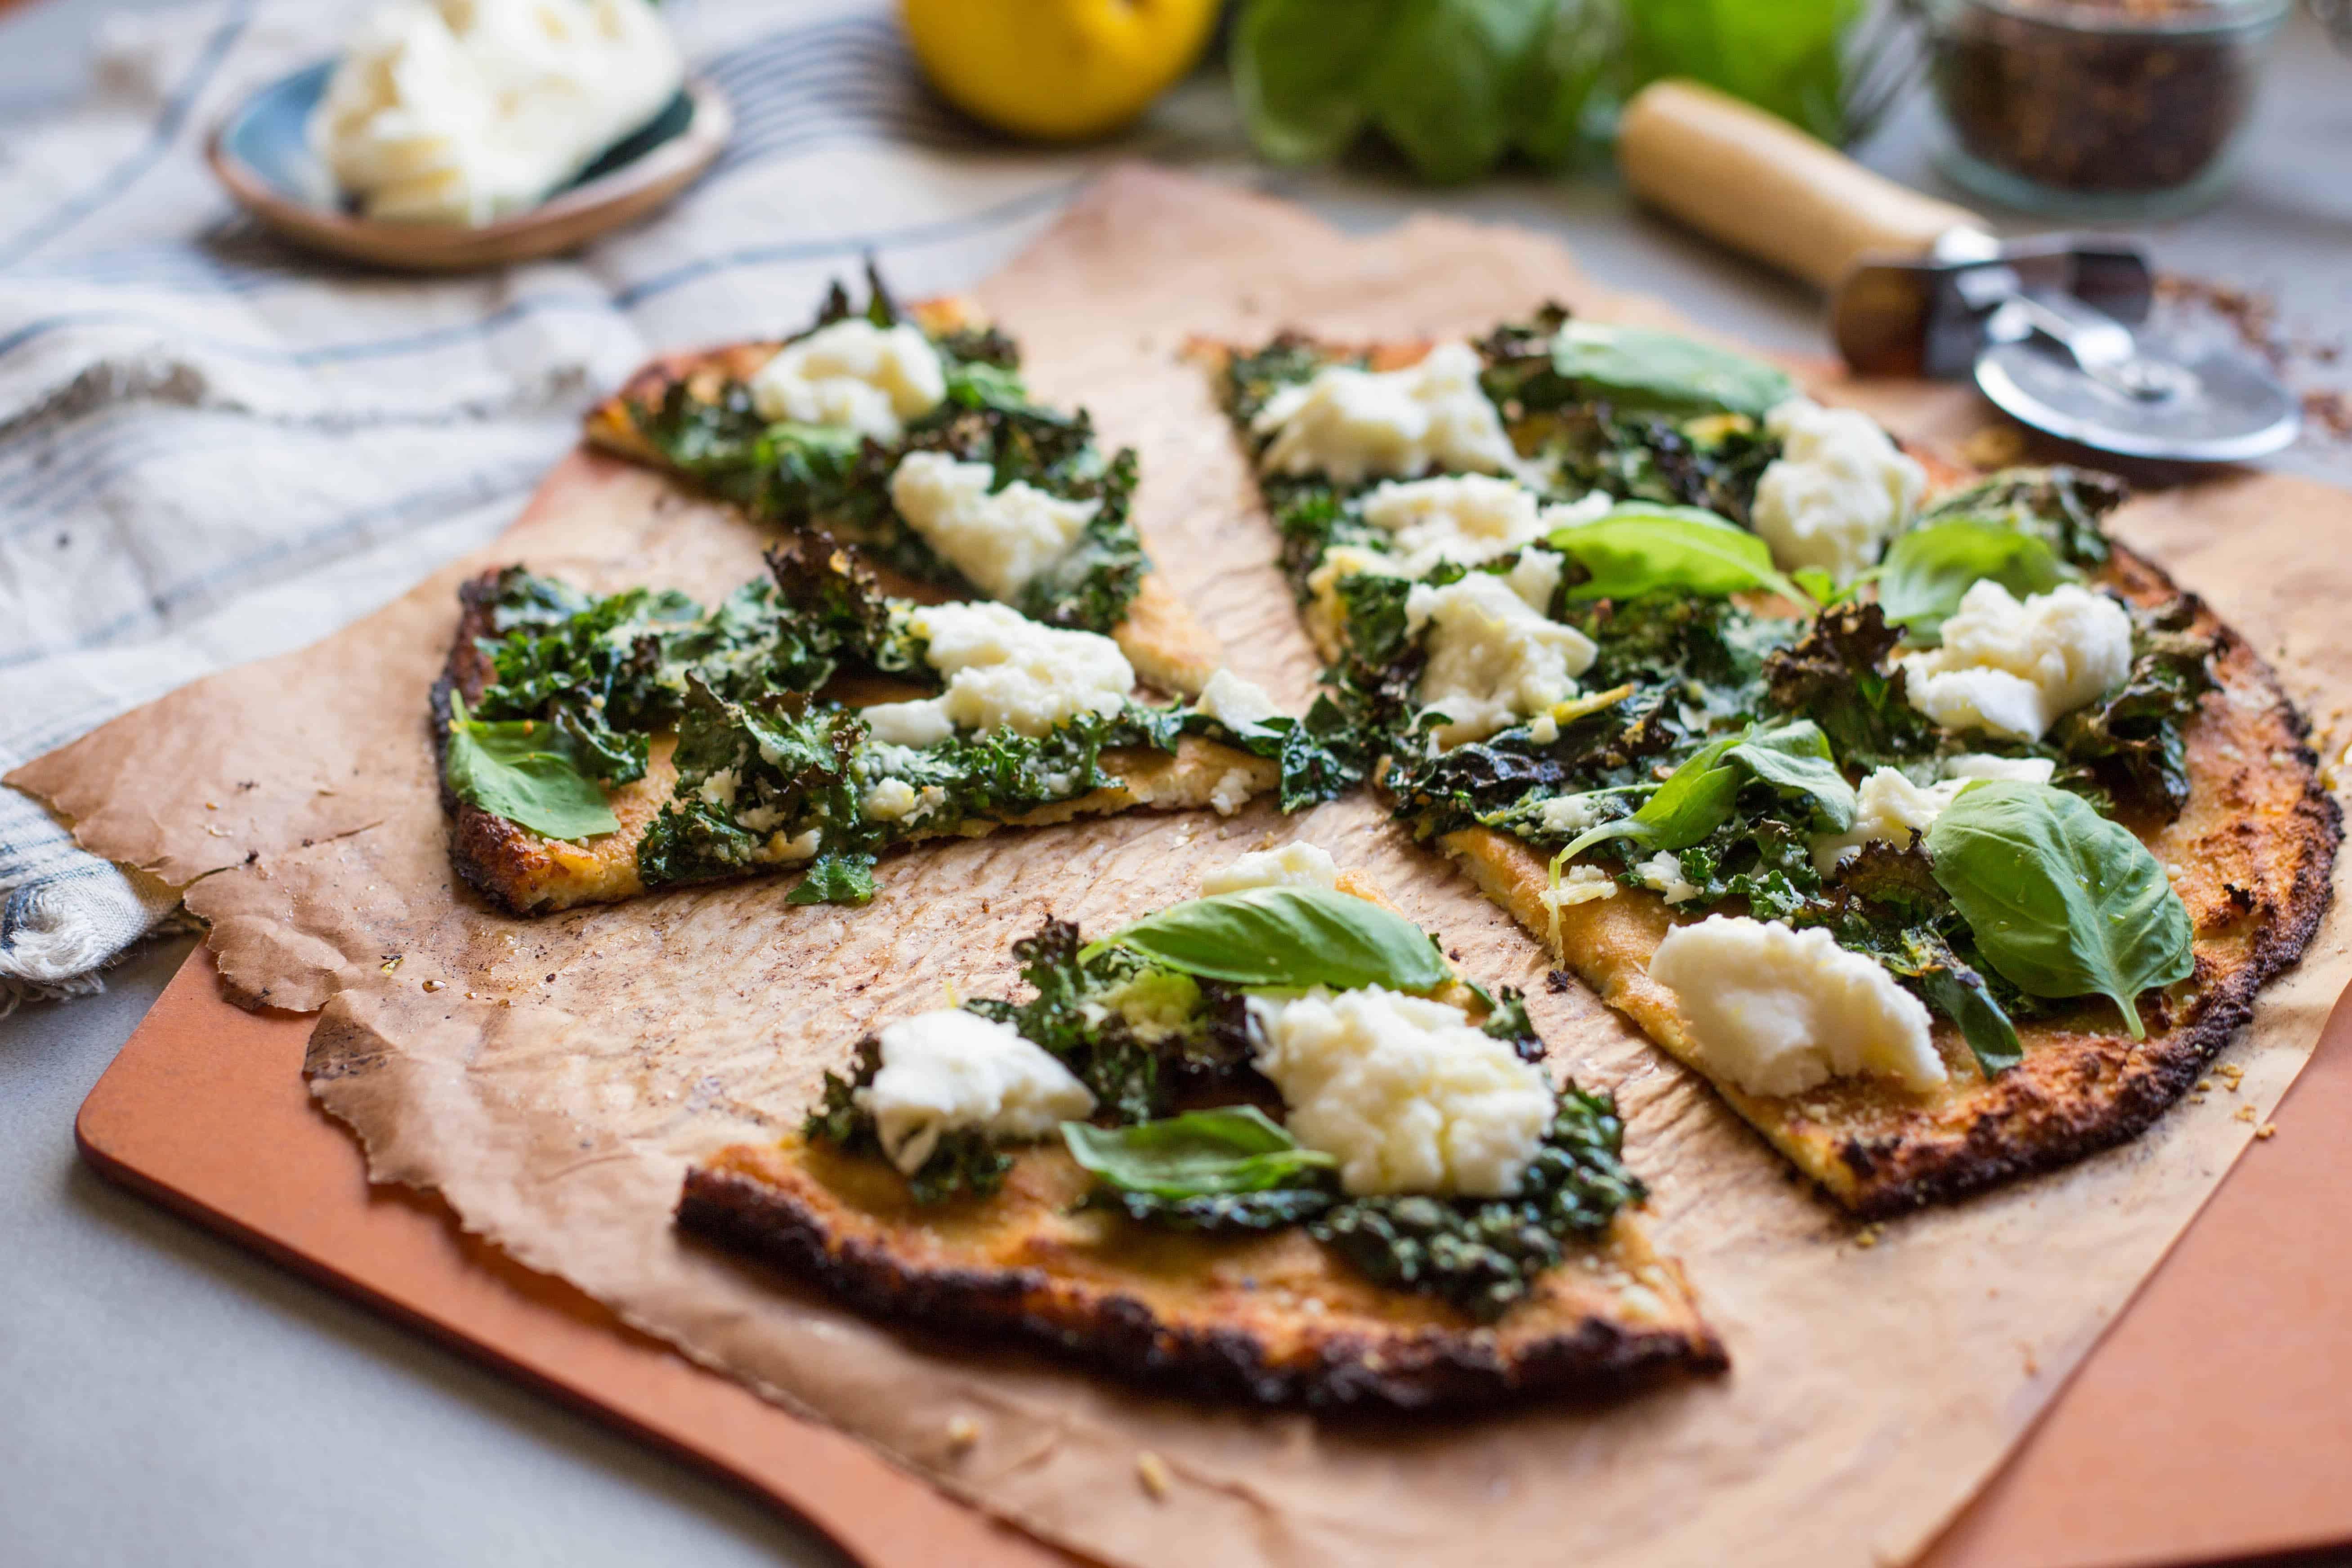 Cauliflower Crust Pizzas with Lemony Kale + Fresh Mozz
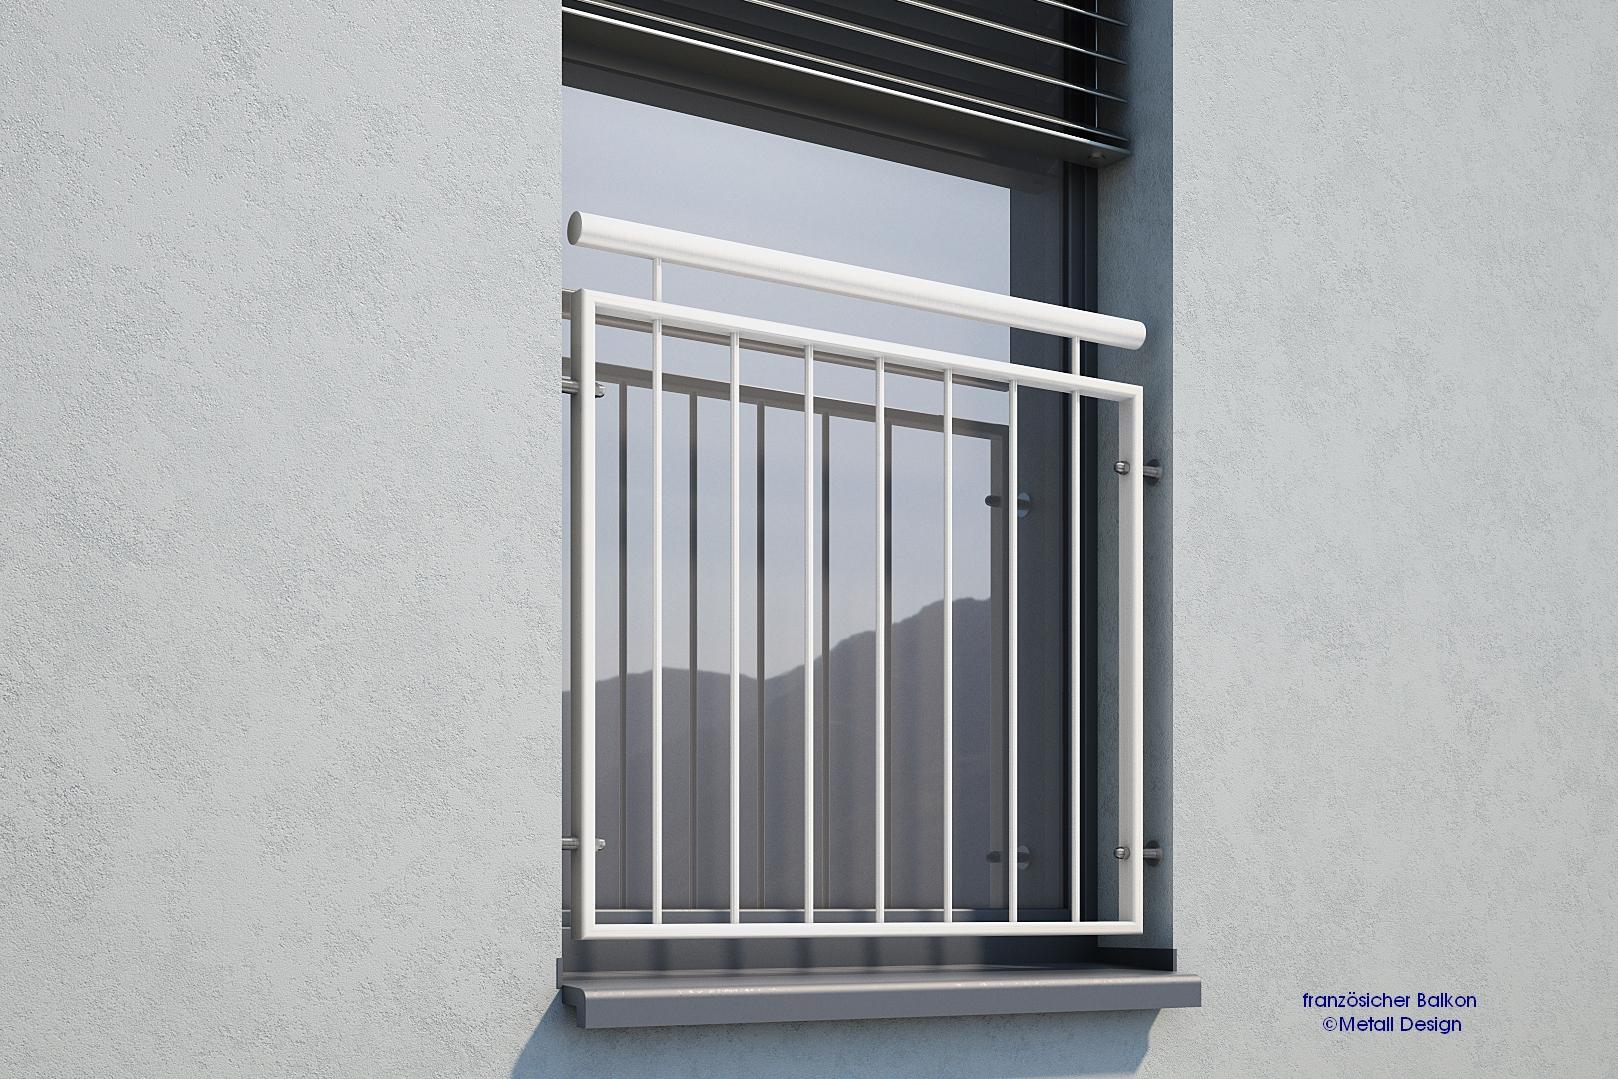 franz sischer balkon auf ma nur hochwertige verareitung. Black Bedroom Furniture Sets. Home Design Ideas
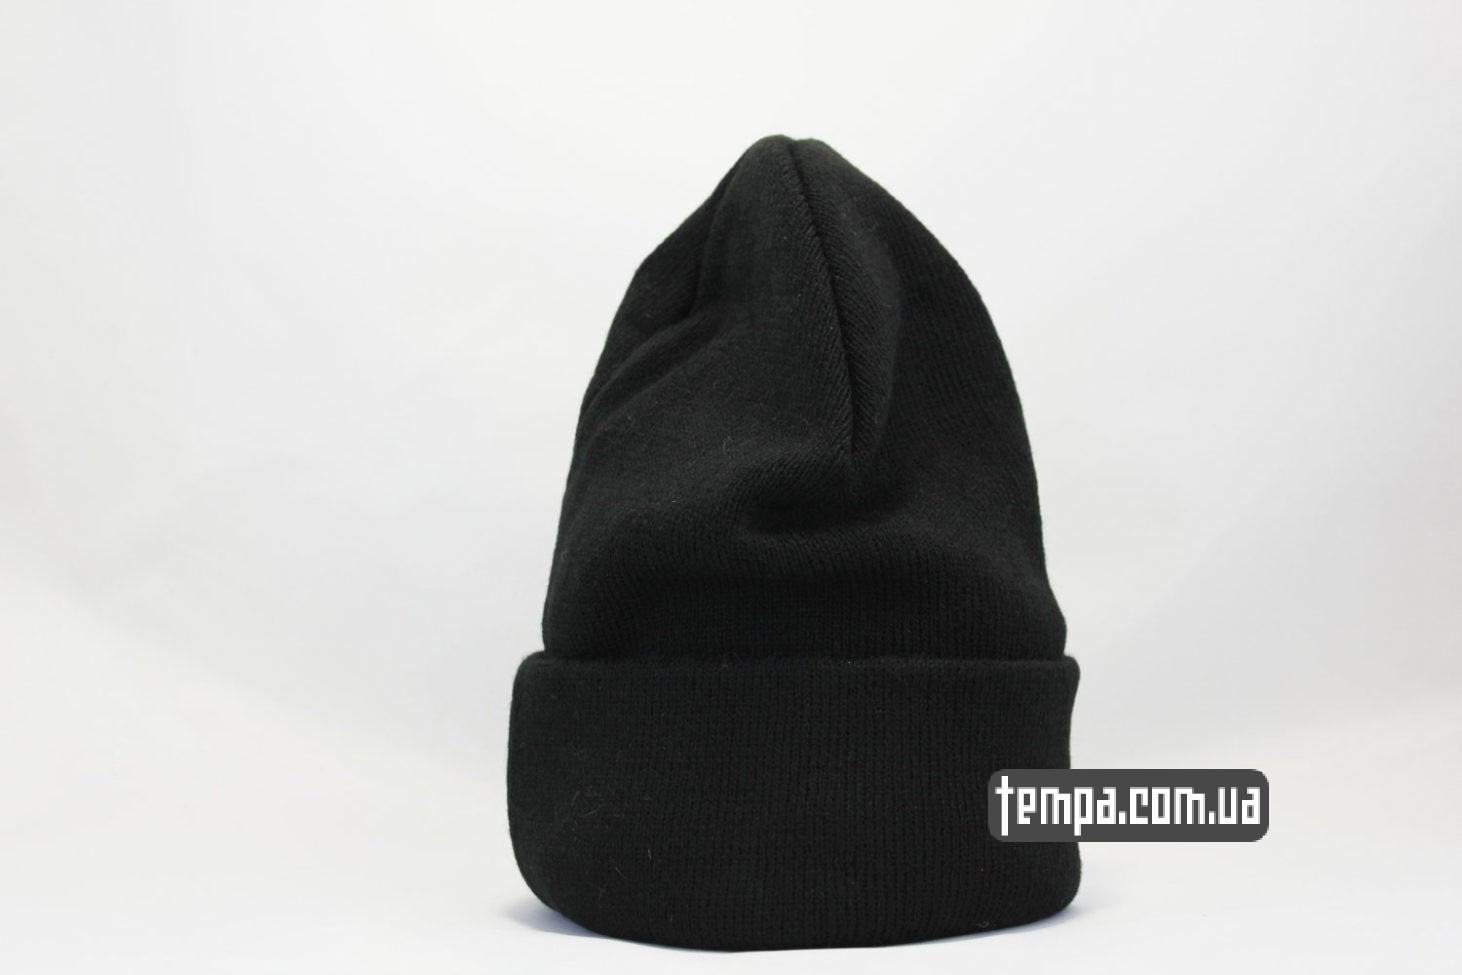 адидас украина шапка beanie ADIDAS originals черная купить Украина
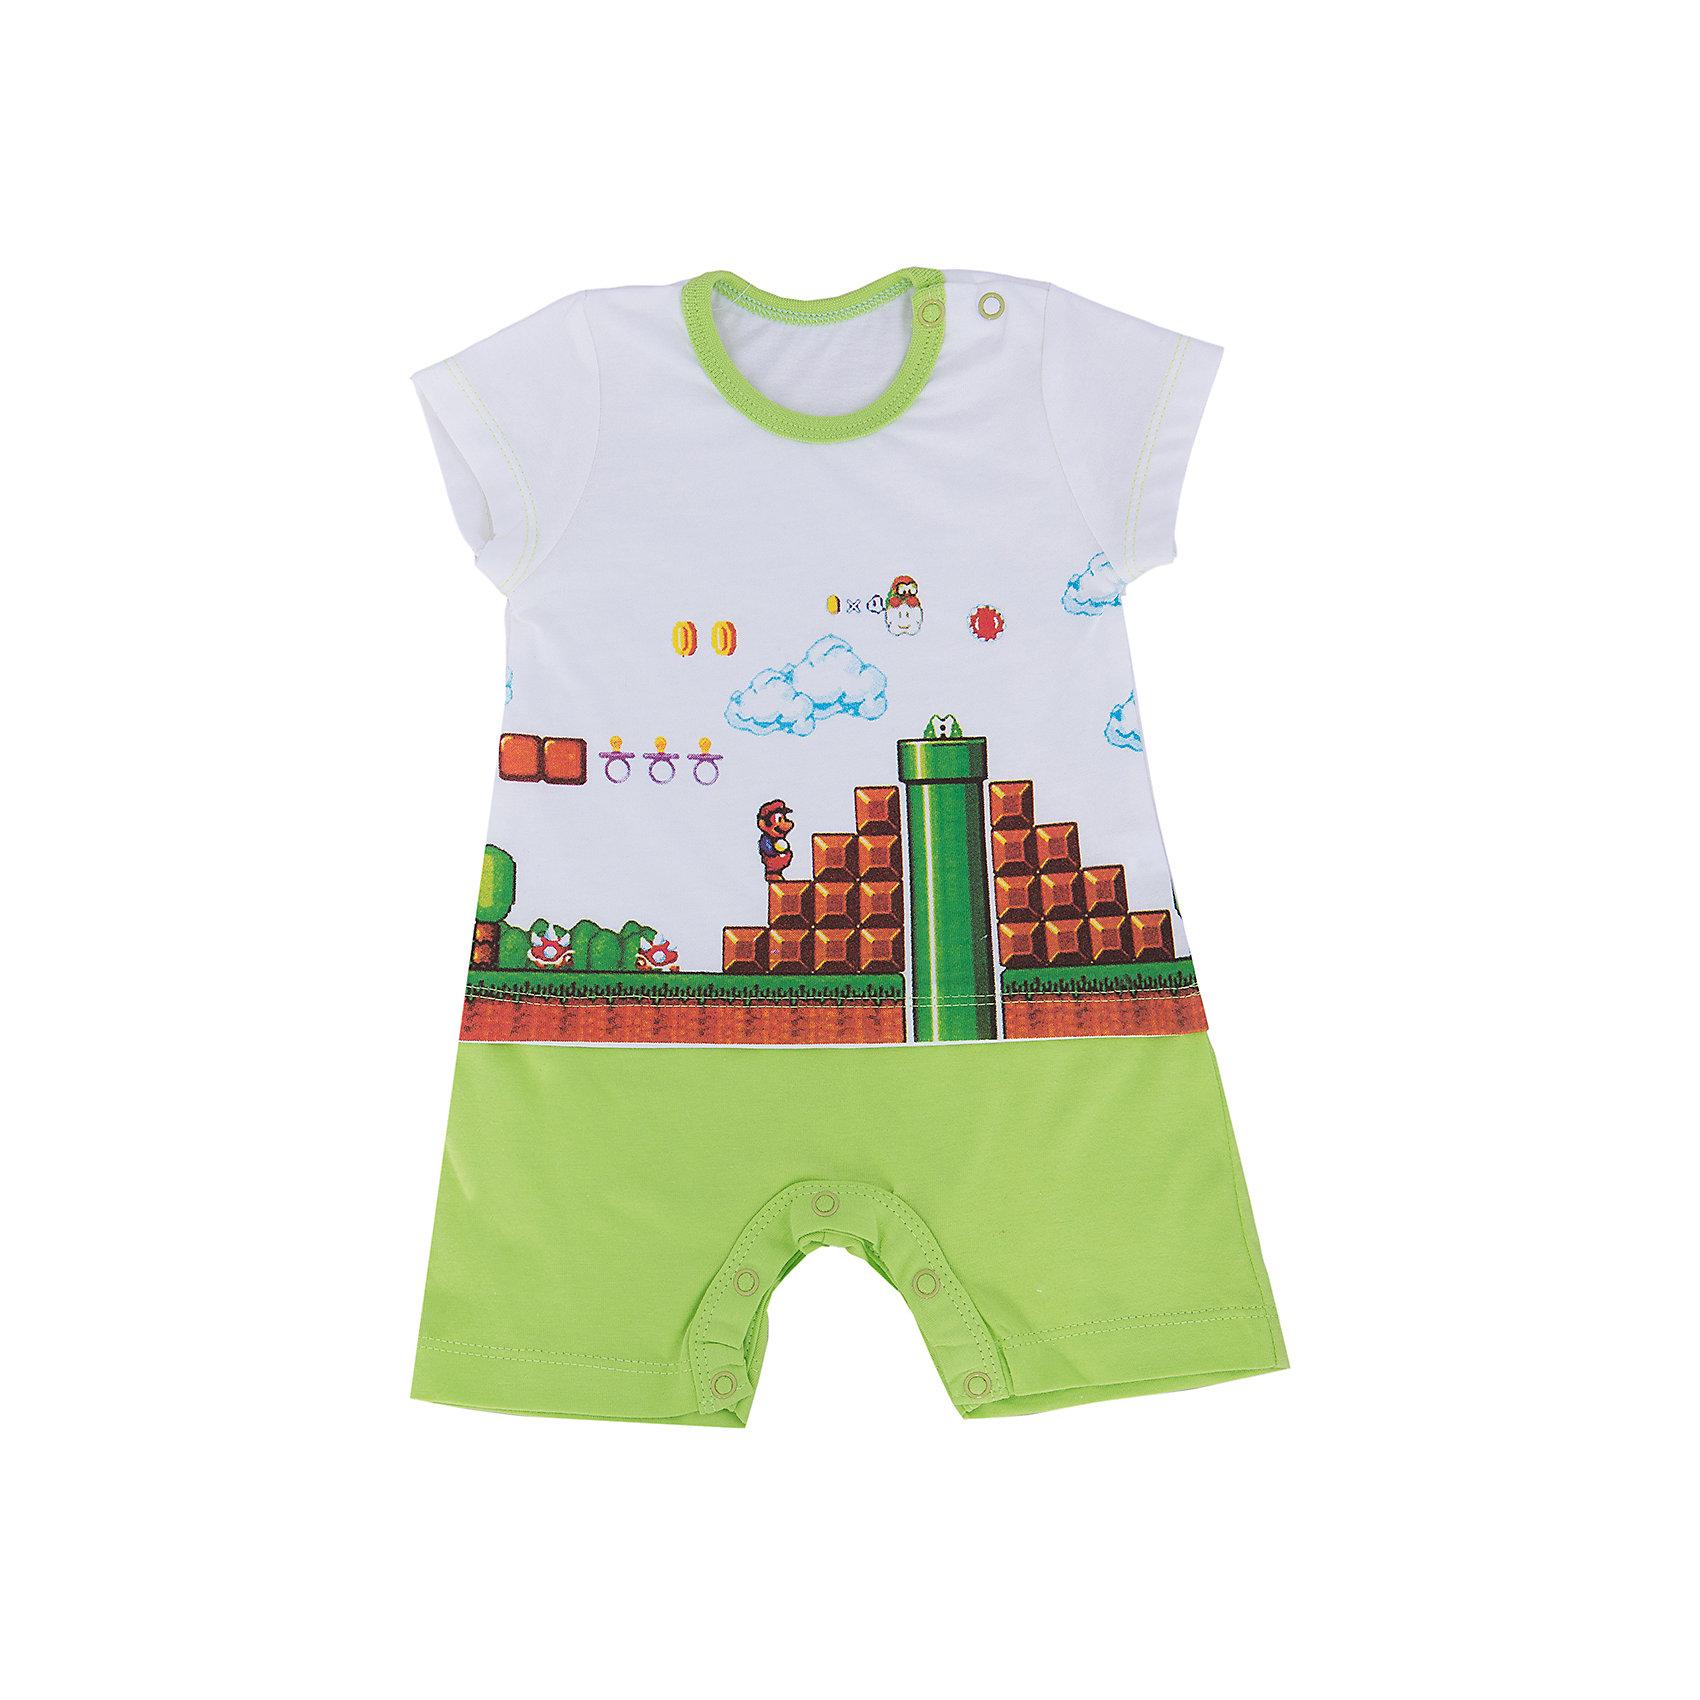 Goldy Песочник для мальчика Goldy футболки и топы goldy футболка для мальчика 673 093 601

■ ■ ■ ■ ■

Reproduce the listing word for word and omit its pictures.

 Cauliflower Crust Pizzas with Lemony Kale + Fresh Mozz
 franz sischer balkon auf ma nur hochwertige verareitung. Black Bedroom Furniture Sets. Home Design Ideas
 адидас украина шапка beanie ADIDAS originals черная купить Украина
 Goldy Песочник для мальчика Goldy футболки и топы goldy футболка для мальчика 673 093 601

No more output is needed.